-------- SOURCE MATERIAL --------
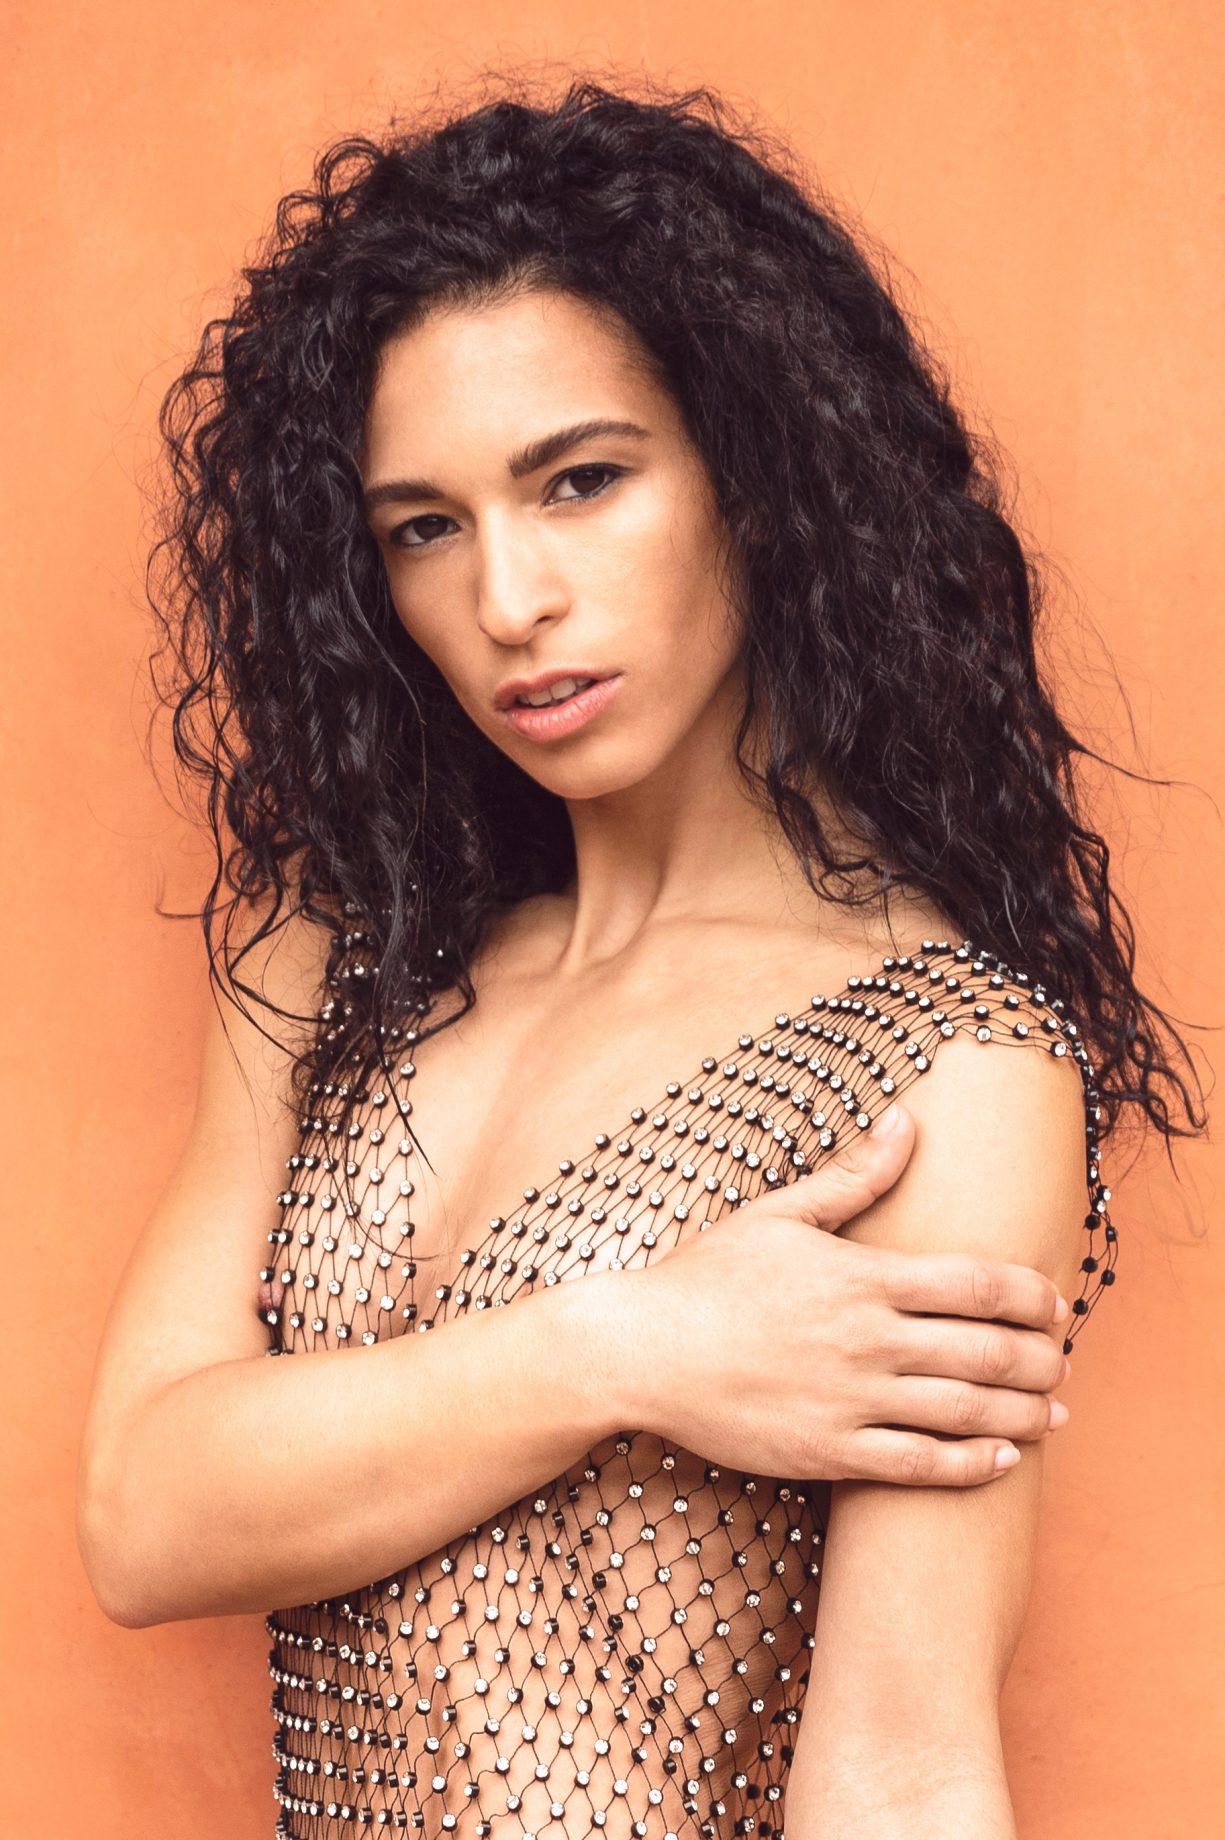 Vanessa Villegas
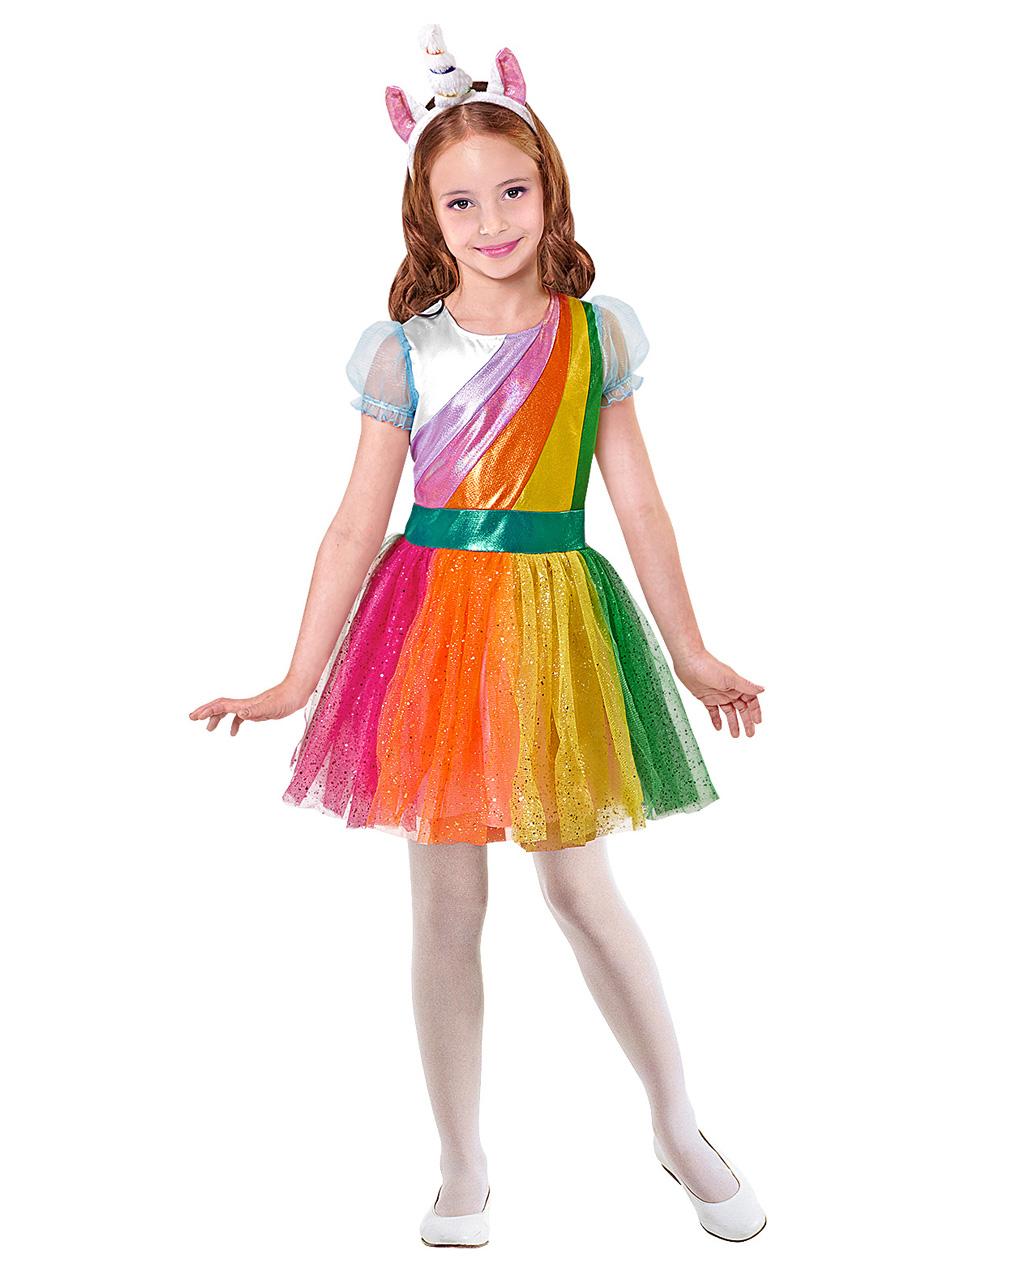 815c40bd7129 Unicorn Girl Costume buy for carnival! | horror-shop.com
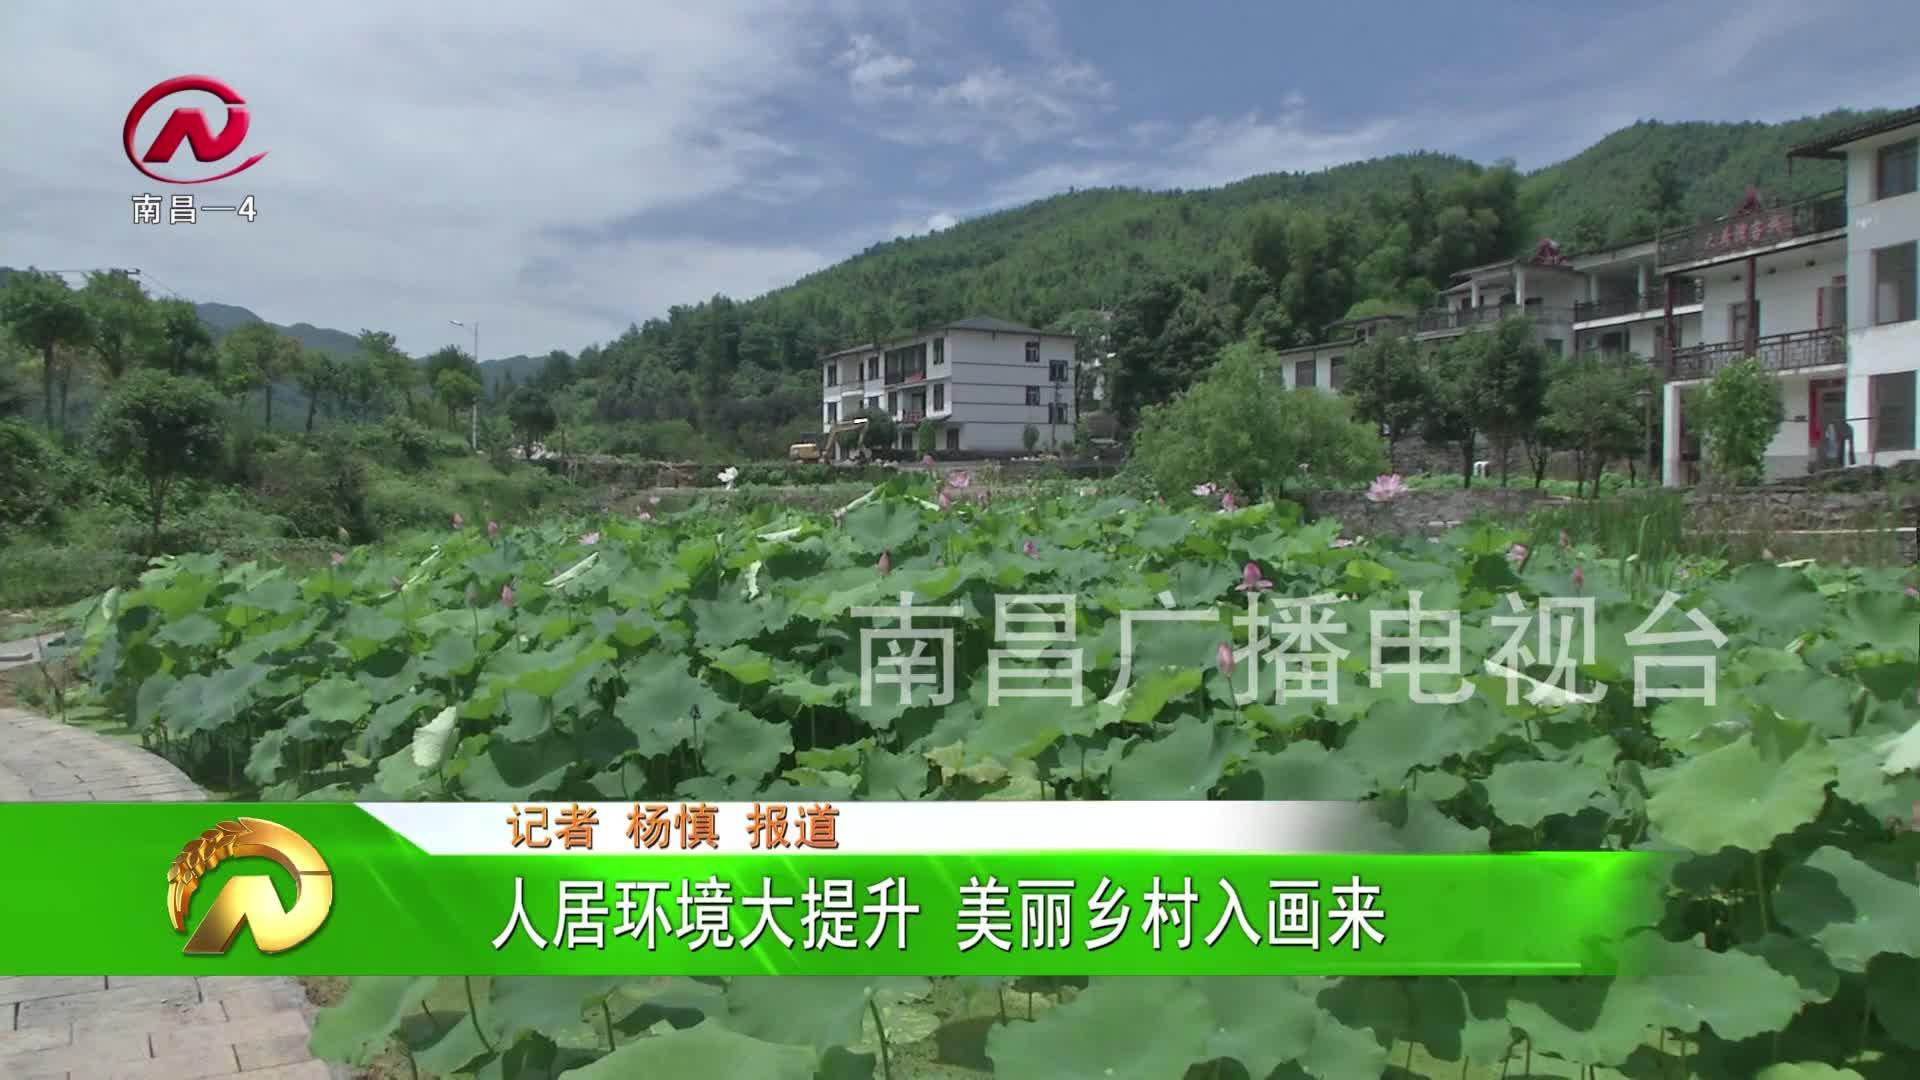 【豫章农视】人居环境大提升 美丽乡村入画来
--------
*YOUR INSTRUCTIONS*
Would you write out all of the data exactly as it stands, without the pictures?

*YOUR SOLUTION*
 Vanessa Villegas
 815c40bd7129 Unicorn Girl Costume buy for carnival! | horror-shop.com
 【豫章农视】人居环境大提升 美丽乡村入画来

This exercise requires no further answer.